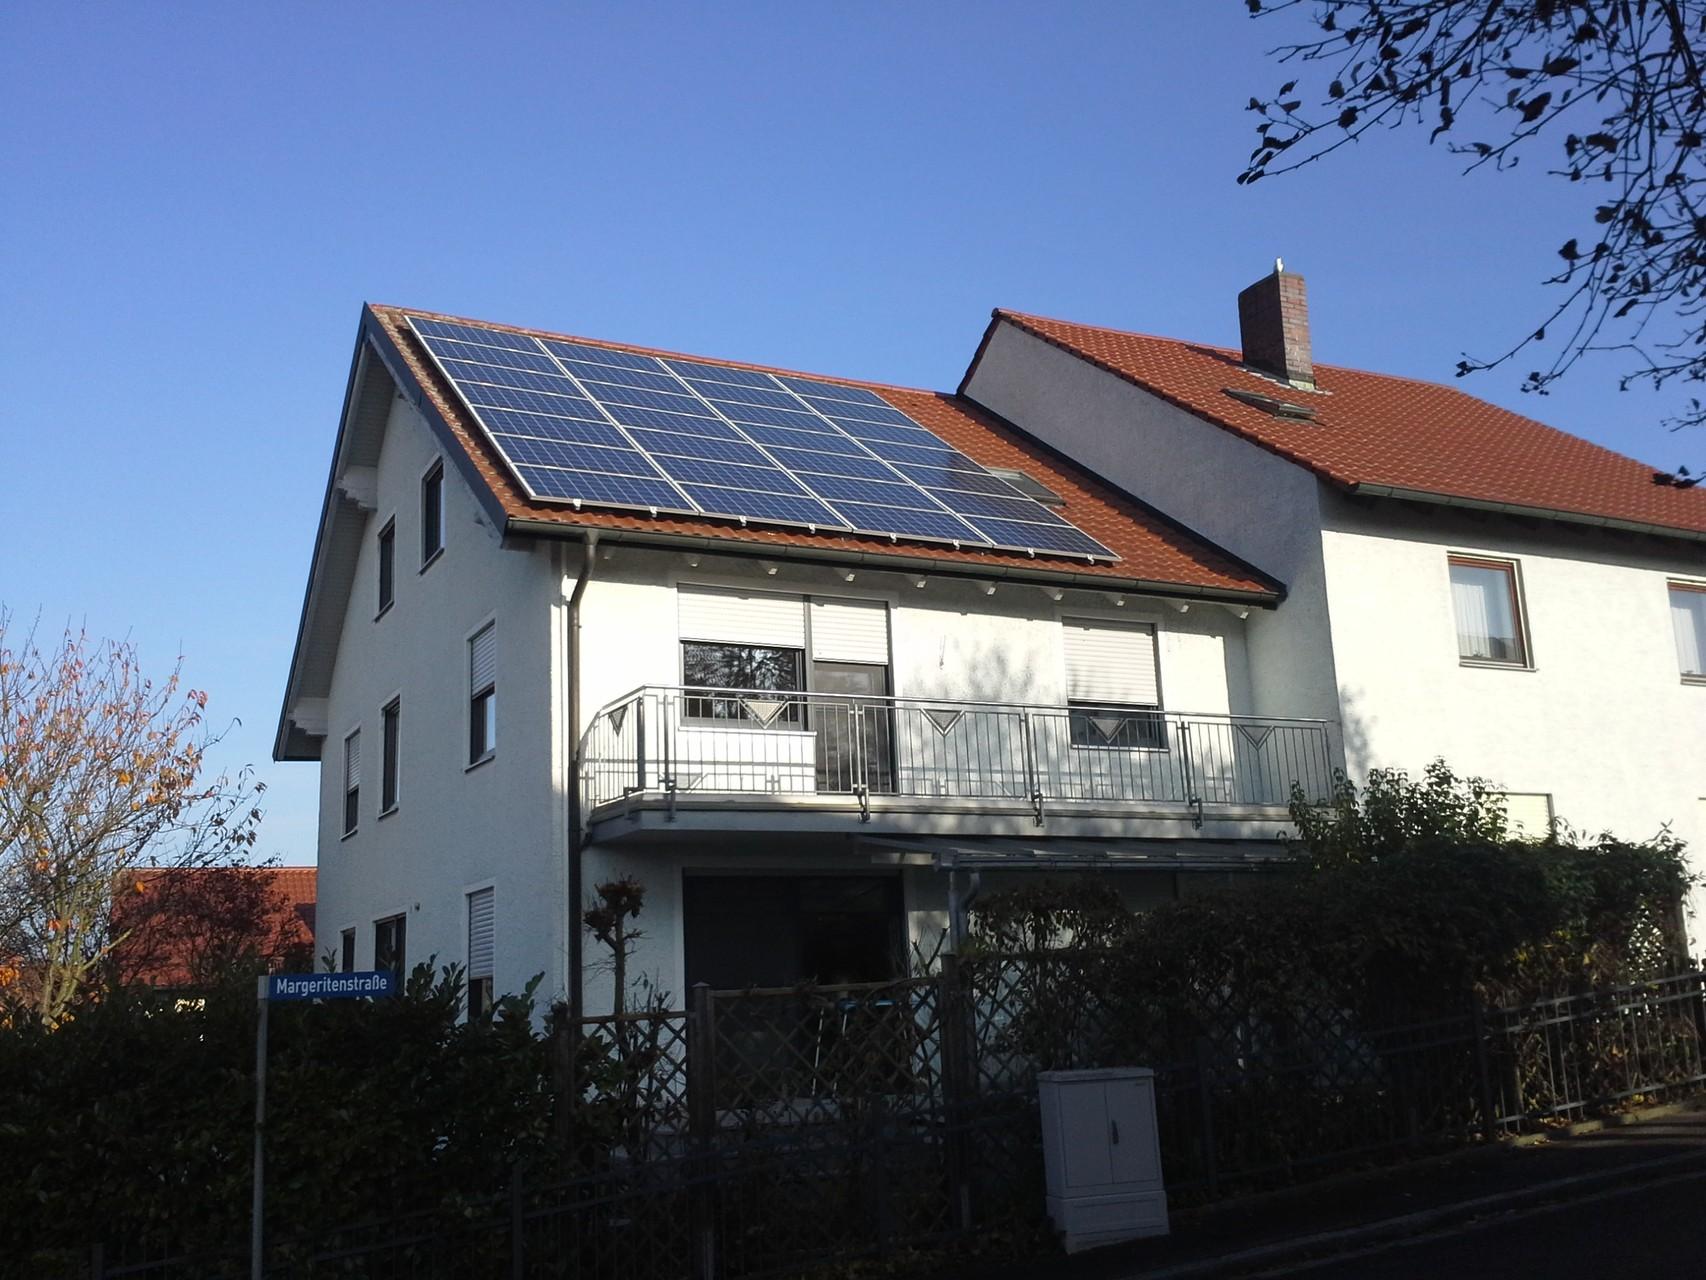 Phototovoltaikanlage 7,14 kWp in 93077 Lappersdor/Hainsacker mit Solarwatt Glas/Glas Module 30 Jahre Garantie
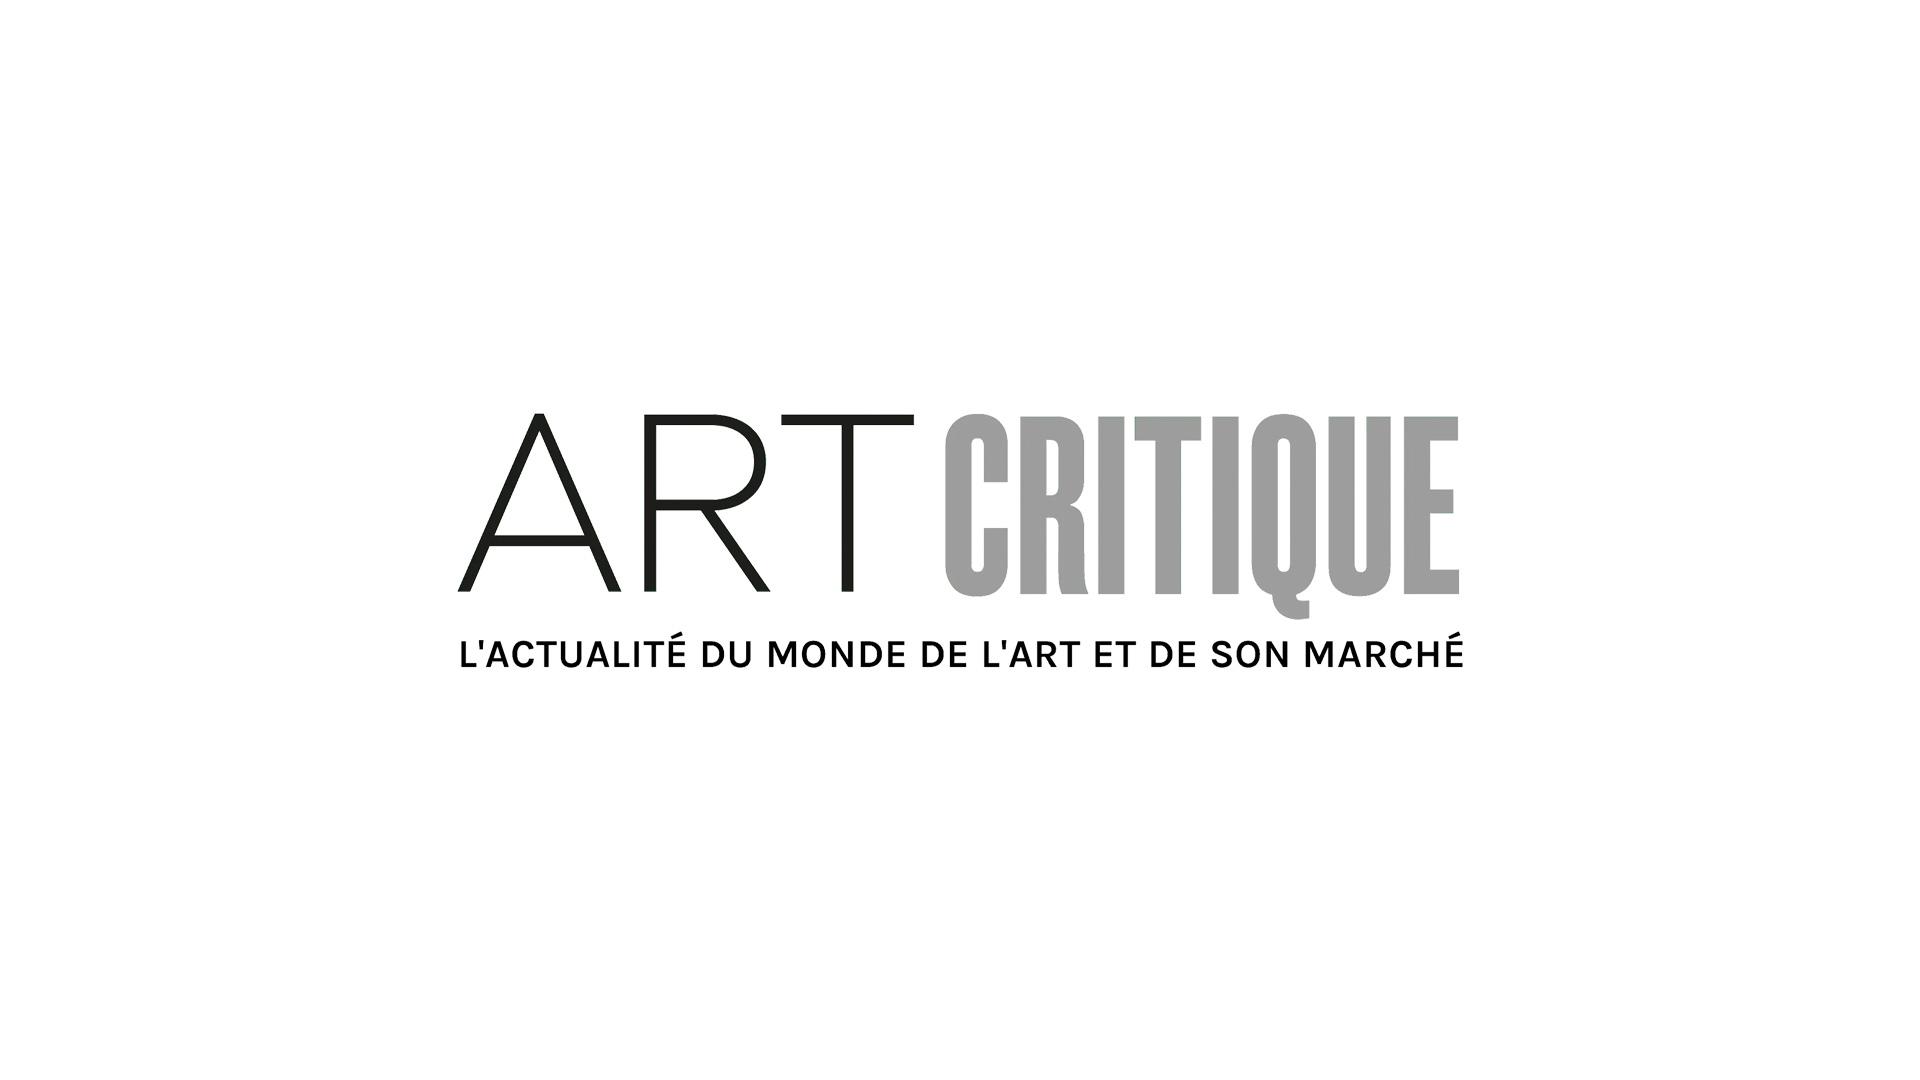 Un livre de référence sur le biomorphisme
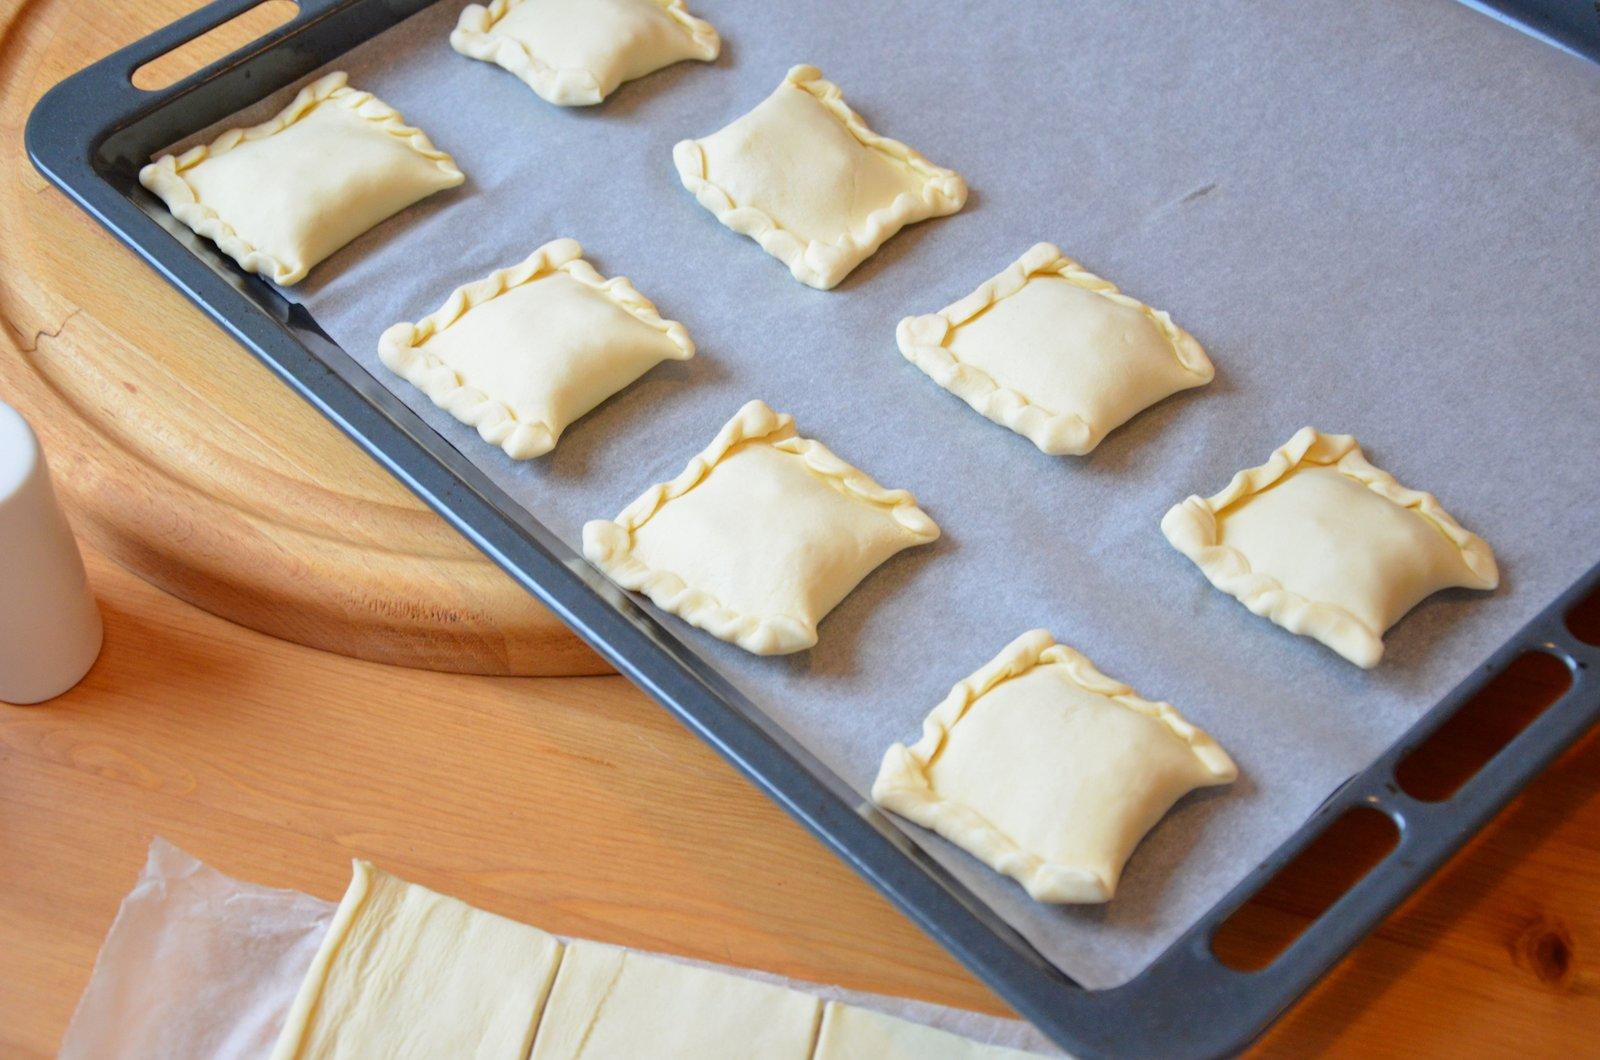 цивилизация слоеное тесто с сыром с картинками продаже
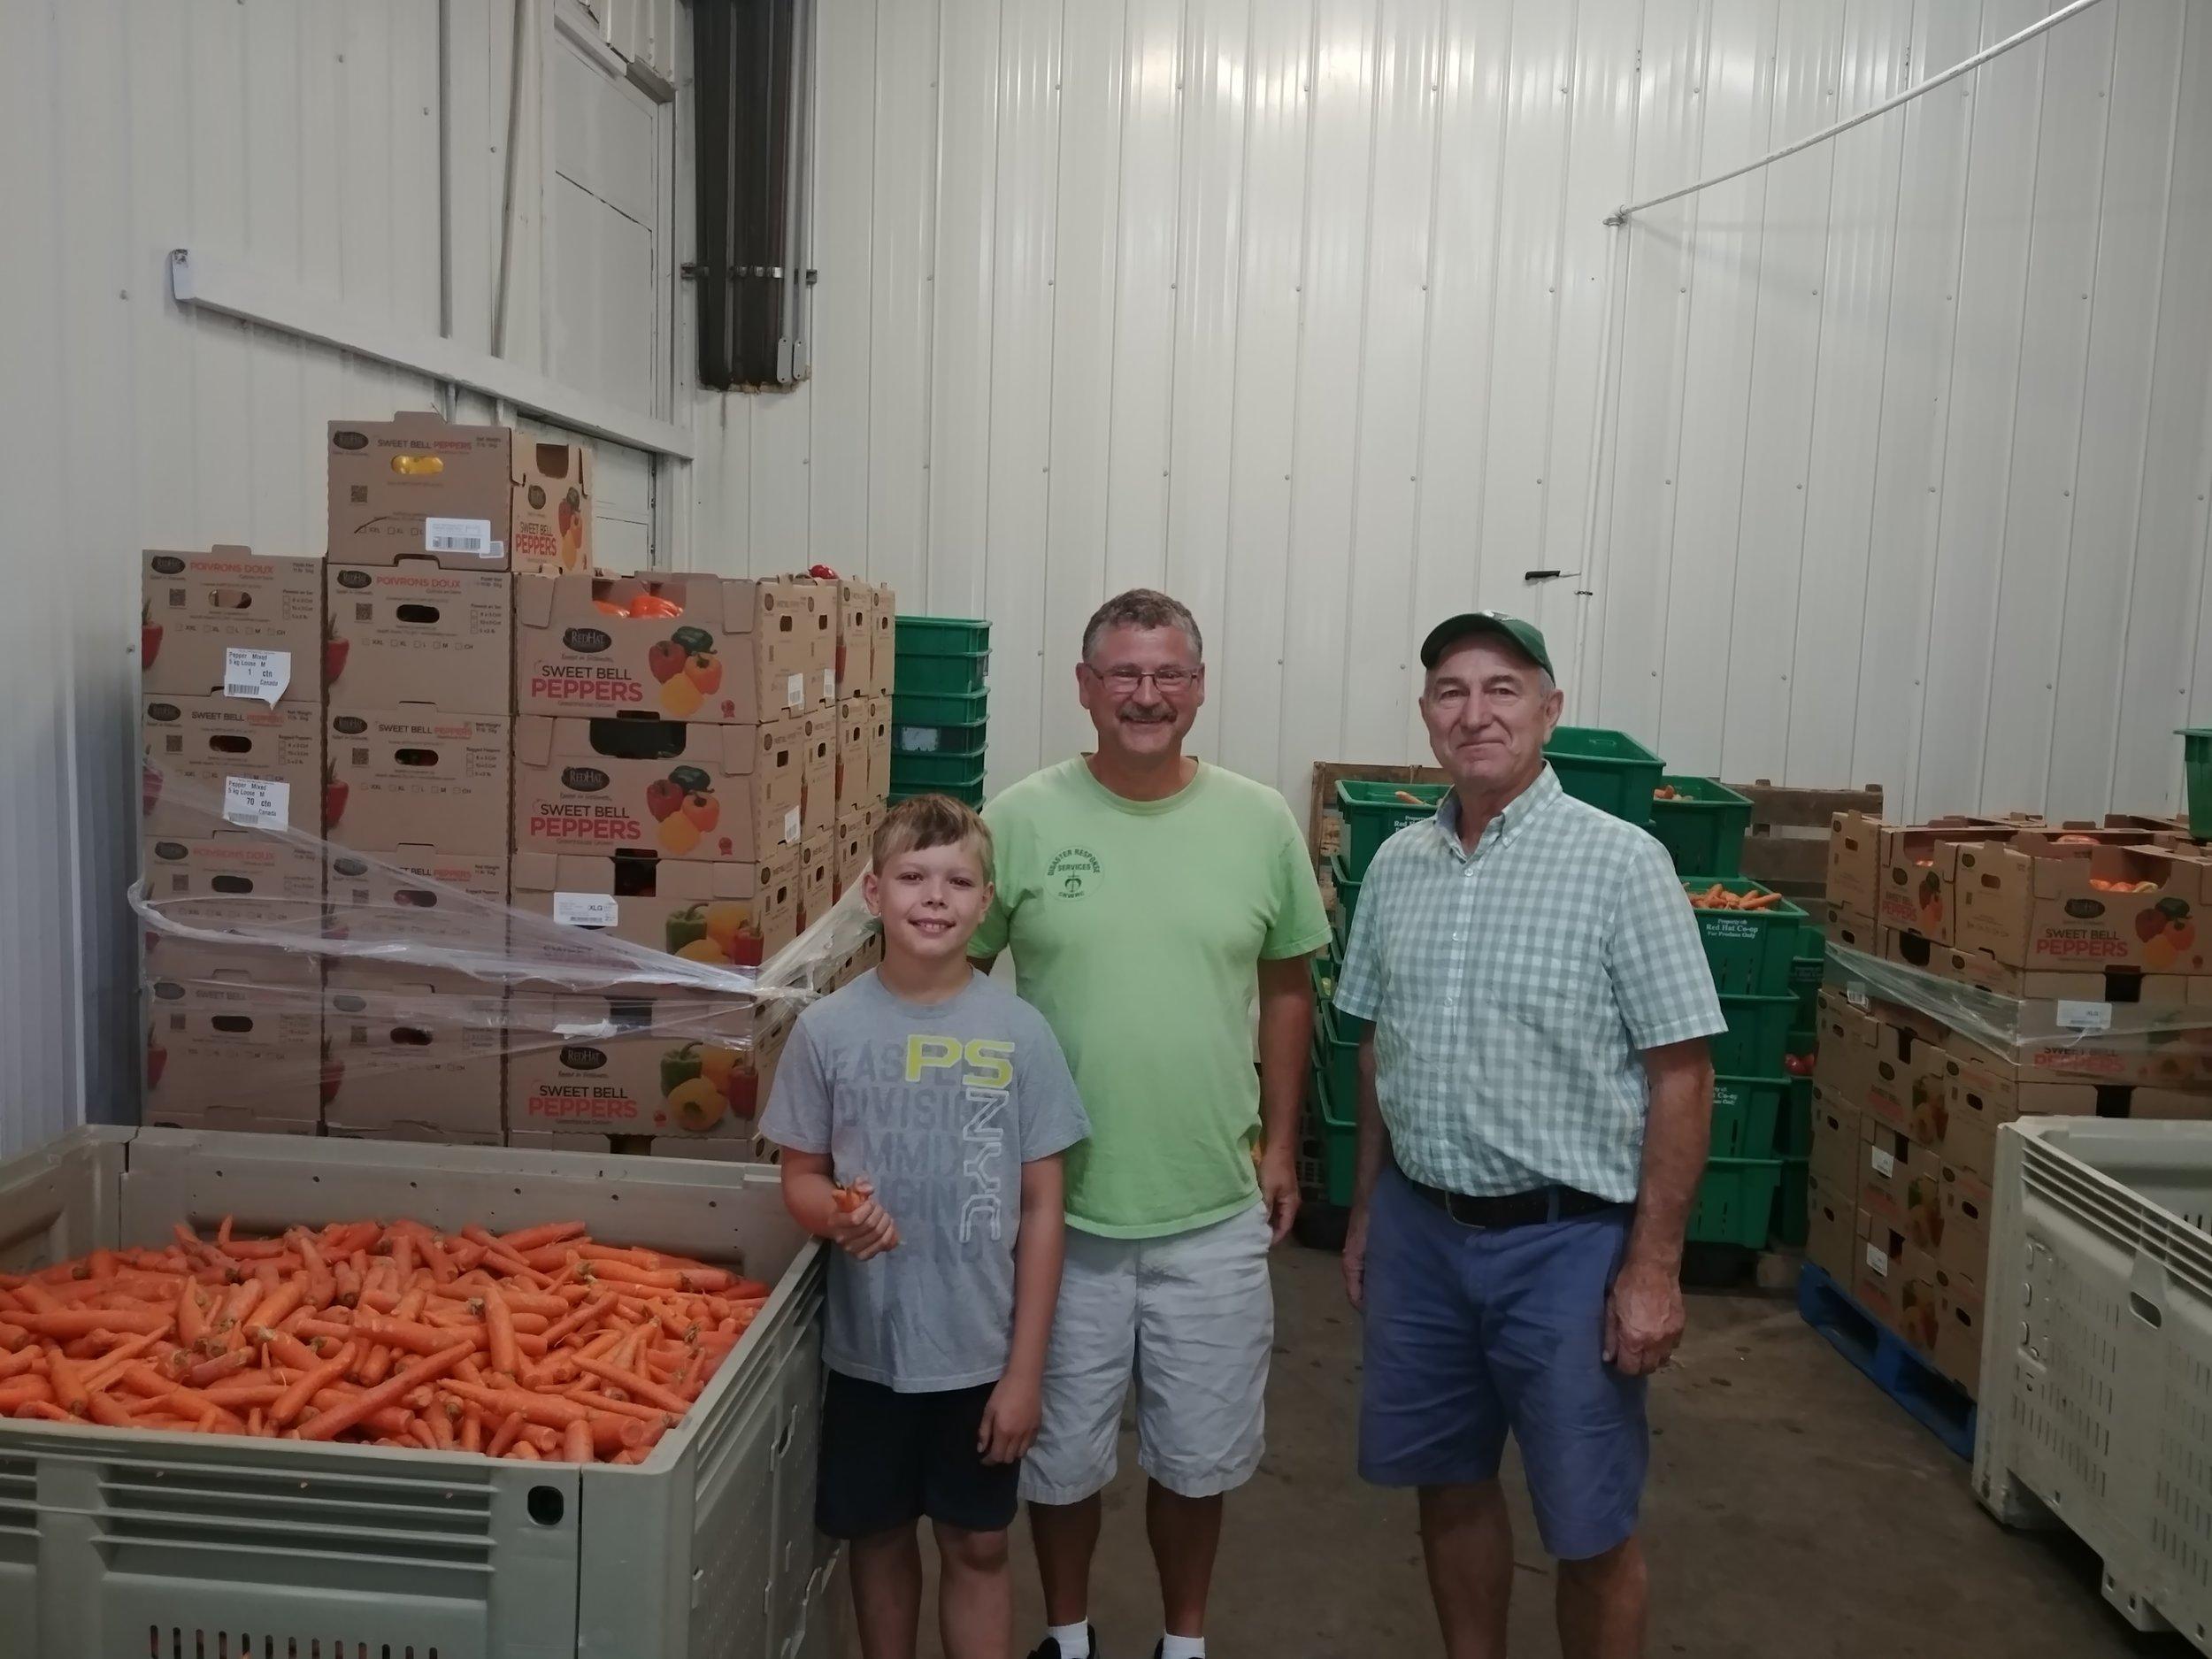 Isaiah, George and Ken at Prairie Gleaners

* [What to produce] Transcribe each line of the material above verbatim, but do not include the images.

* [Final answer]
 Phototovoltaikanlage 7,14 kWp in 93077 Lappersdor/Hainsacker mit Solarwatt Glas/Glas Module 30 Jahre Garantie
 Un livre de référence sur le biomorphisme
 цивилизация слоеное тесто с сыром с картинками продаже
 Isaiah, George and Ken at Prairie Gleaners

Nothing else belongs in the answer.